I Hate Spring Break, So It’s Time To Look Forward

Spring Break simply Will.Not.End. For that matter, neither will winter. Today’s forecast calls for snow. (As we used to say when I was a kid: “It’s spring! April Fools!”)

Julianna returned to school this morning, but Alex remains at home for one more day, because the Catholic school takes Easter Monday off. Not one in our house was happy to uncover that blip on the calendar. Even Alex was looking forward to Monday. When he found out the public schools were in session, he flung his arms into folded position and himself onto the couch and yelled, “It’s NOT FAIR that Julianna gets to go back to school!”

This Spring Break, my children learned to fight. It was a horrible Holy Week. I spent the week negotiating cease-fires that held for thirty seconds, sending kids to rooms, lecturing about love…while simultaneously trying to keep up the usual work of preventing Michael from tearing the house apart stick by stick.

We were jailed by snow for a couple of days and by rain and cold the rest of the week. And then came the evening Triduum services. I got through Holy Thursday with enough grace to be able to write about it; by the time we finished leading music on Good Friday, I was numb from repeating to myself, “This surely has to be the worst of it. By next year Michael will be more independent, and Nicholas will be 5. Surely this was the worst of it. Surely it will be better next year.”

Saturday night Alex and I attended Easter Vigil–Alex’s first. My first in six years. We stayed through the baptisms and then went home. (Hey, give me a break. We had to be back at church 7:45 a.m.)

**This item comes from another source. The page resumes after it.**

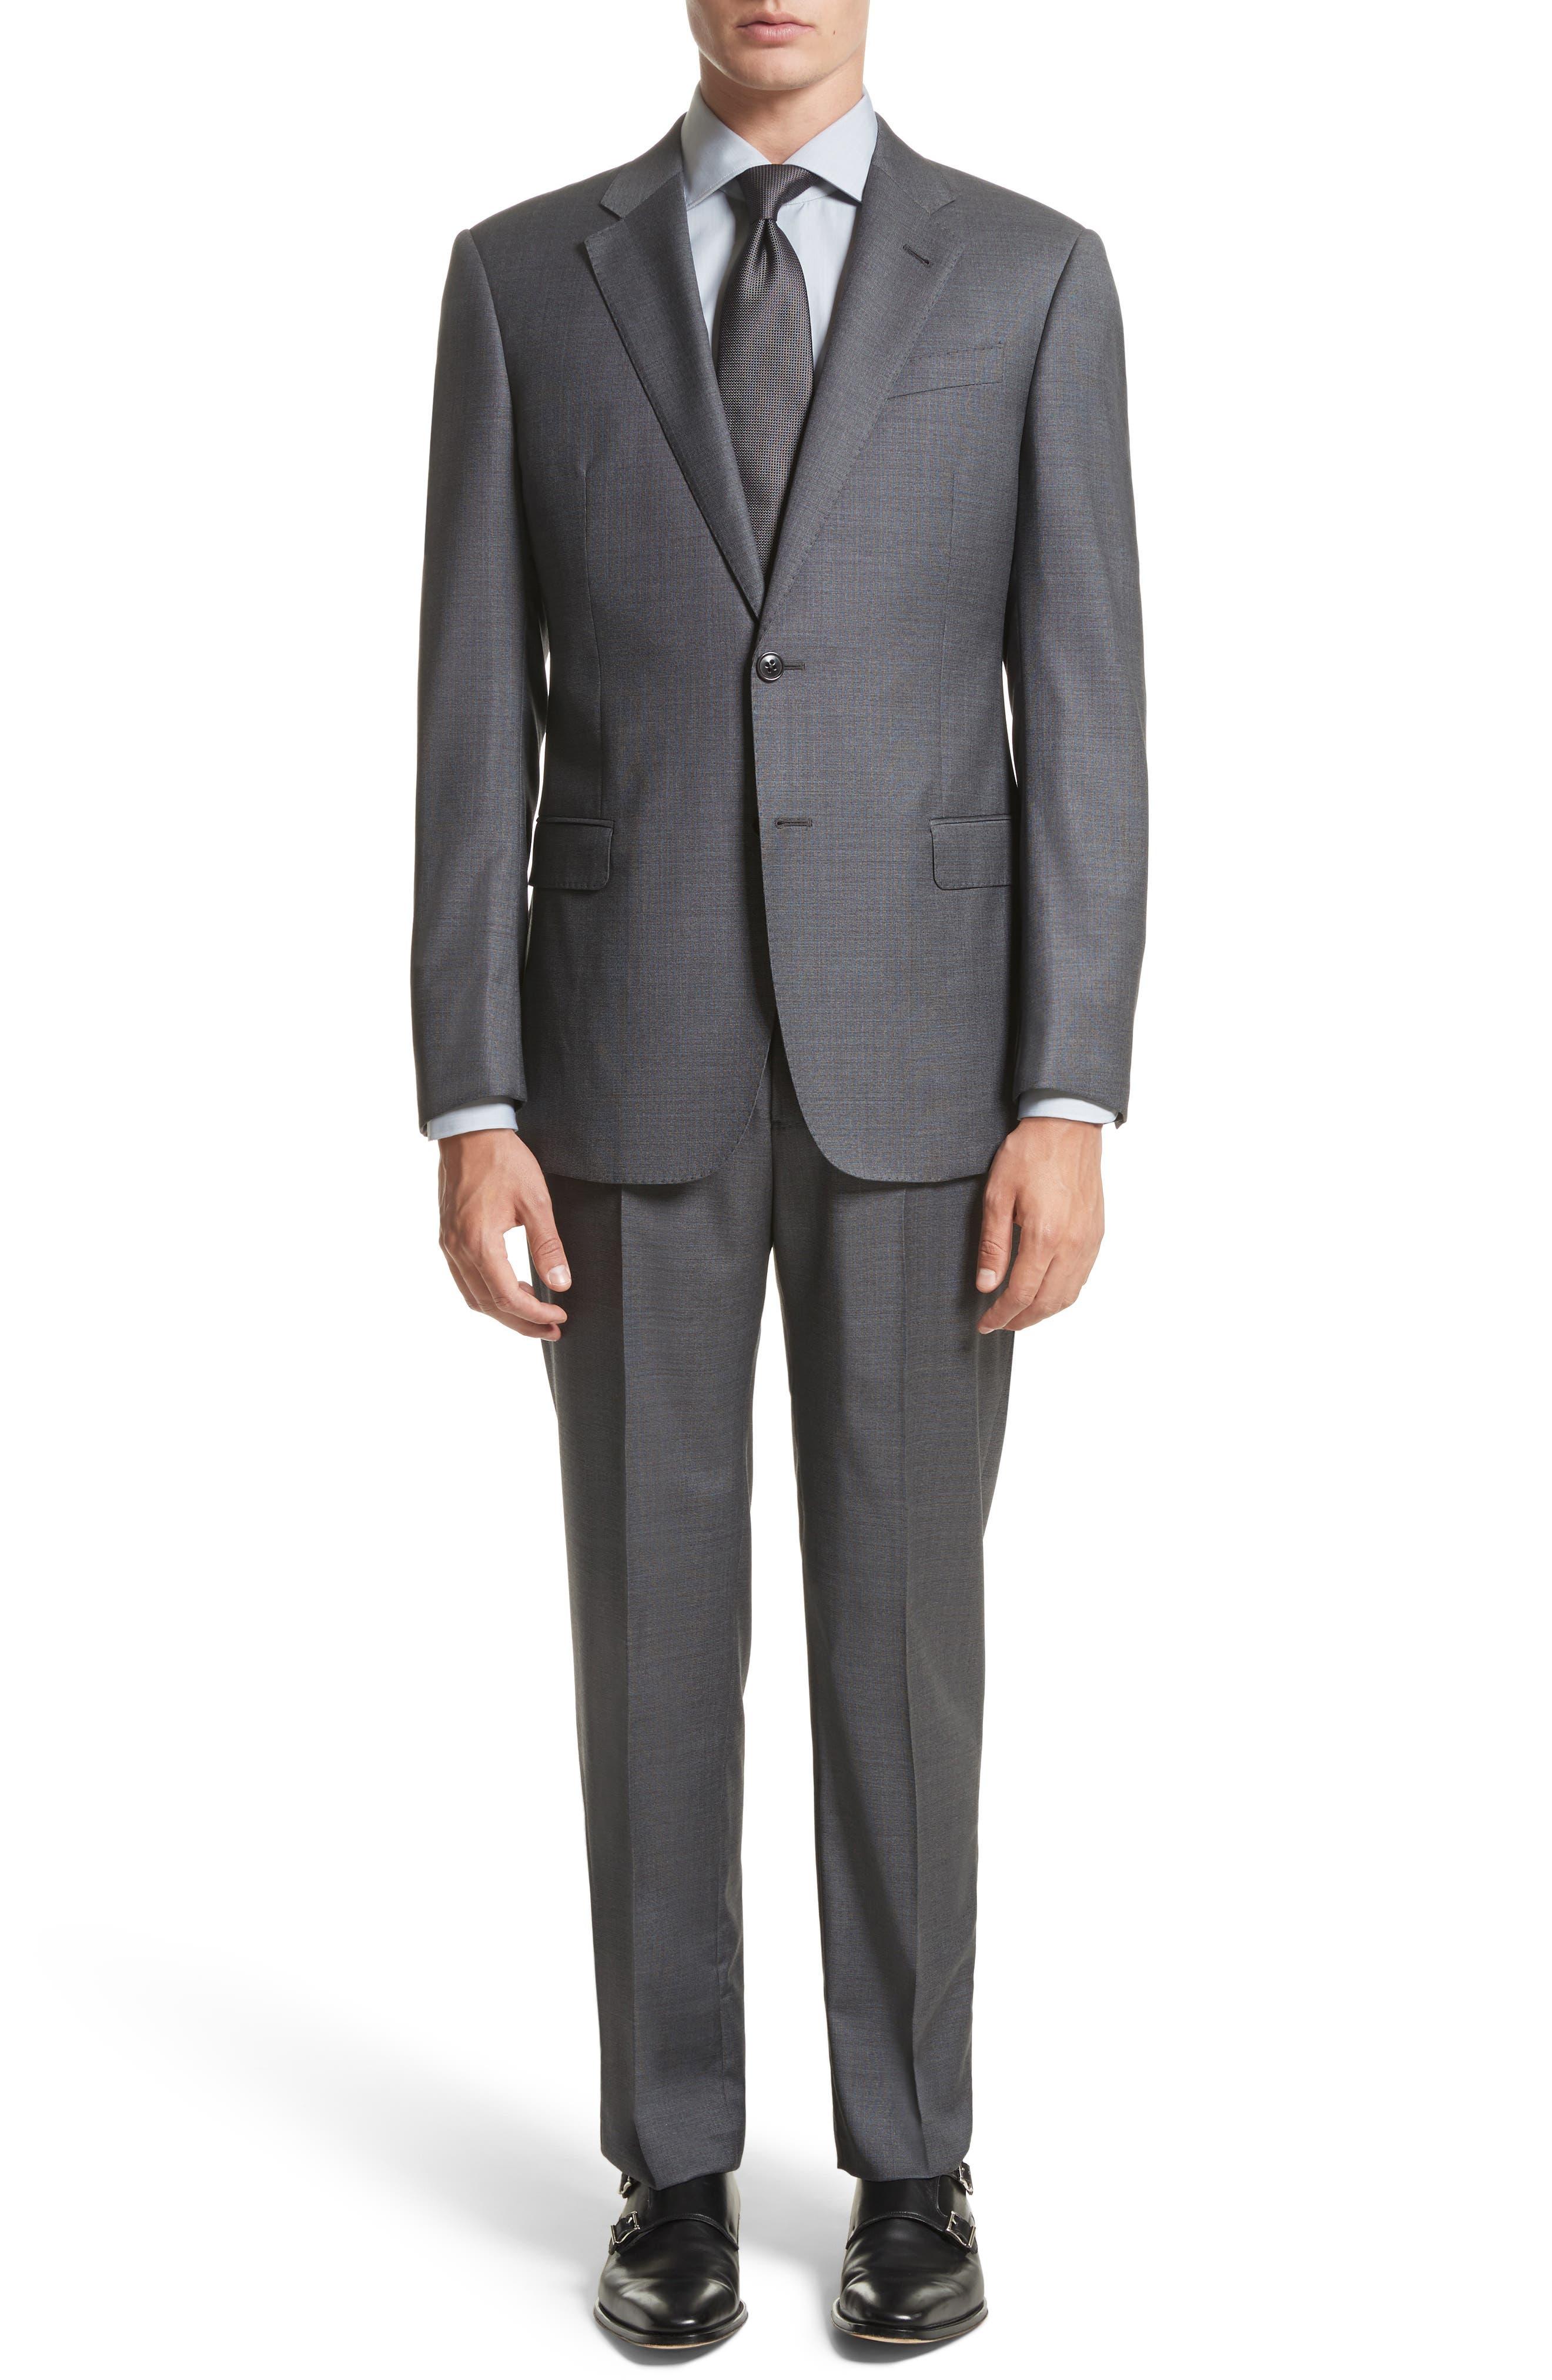 Alternate Image 1 Selected - Armani Collezioni G-Line Trim Fit Solid Wool Suit

The Vigil was beautiful, although Alex spent the Exsultet whispering, “Mommy, look at the wax on my candle! Look, the flame is blue! Look at it dripping! That is SO AWESOME!” With difficulty I bit my tongue and allowed him to enjoy the experience at his own level. 😉 He watched the full-immersion adult baptisms and thought that was SO AWESOME, too.

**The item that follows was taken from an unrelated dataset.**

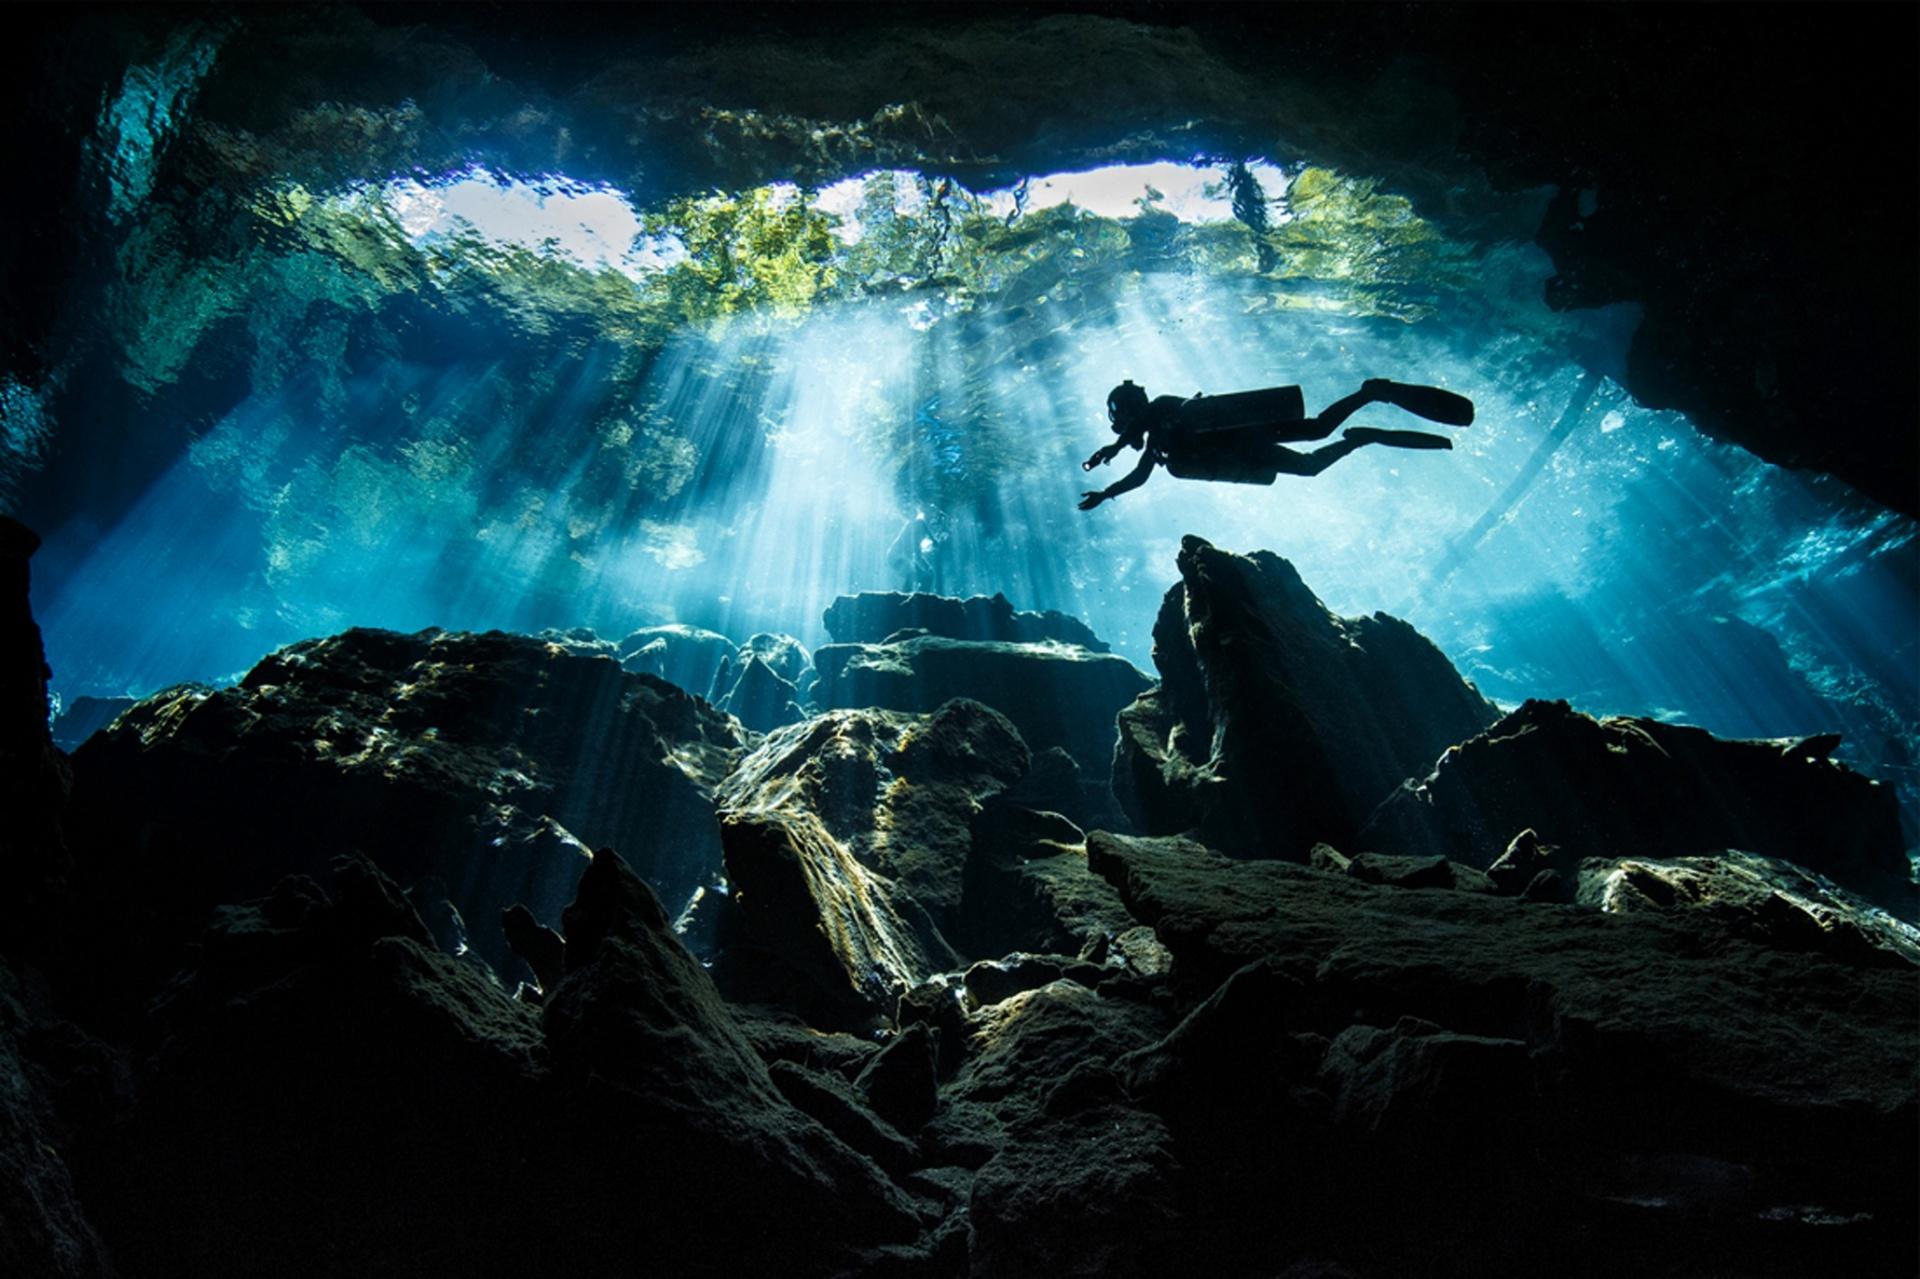 Spirit of Adventure runner-up, Terry Steeley, UK Kulkulkan Cenote, Riveria Maya, Mexico Photograph: Terry Steeley/TPOTY

Easter weekend we celebrated with far too many high-calorie foods:

Easter 009Sausage Pie (8416 in a 9×13)

Easter 029and this parfait concoction made of leftover-cake, pudding, ice cream sauces and mini candy bars. I have no idea what the calorie count on this is. I’m ballparking it at 5-600.

822230 This Little Light CoverNow it’s time to look ahead. For the next several weeks, Tuesdays and Wednesdays will be a blog tour for my new book, This Little Light of Mine: Living the Beatitudes. Every Tuesday I’ll be hosting guest posters, who will break open the topics addressed in each chapter of the book. Wednesdays I’ll be linking to posts by reviewers, many of whom (though not all) will be doing book giveaways.

I’m excited about this new book. Although it is marketed toward those working with children, I wrote it at least as much for adults. As time passes I become more and more convinced that the only way kids will really make the faith their own is if it is lived out in a practical, real-world way. It’s not enough to teach vague, general platitudes like “be kind” and “help others.” Faith is only going to grow if it’s part of the minutiae of everyday life: nitty-gritty, hands-in-the-dirt, roots digging into the soil of the soul and making your insides squirm as you come to recognize what all those pie-in-the-sky pious statements actually require in our relationships and choices. And no adult can make that happen for a child unless it’s happening simultaneously within the adult, too.

So This Little Light takes all those general statements, like “Blessed are those who mourn” and “Thou shalt not kill,” and turns the question around: “Yeah, so? What does that have to do with me, right here, right now? What do I have to do about it?” And it does this separately for adults and children, because let’s face it, grownups have different problems and challenges than kids do.

So that’s the next few weeks. I hope you’ll join us!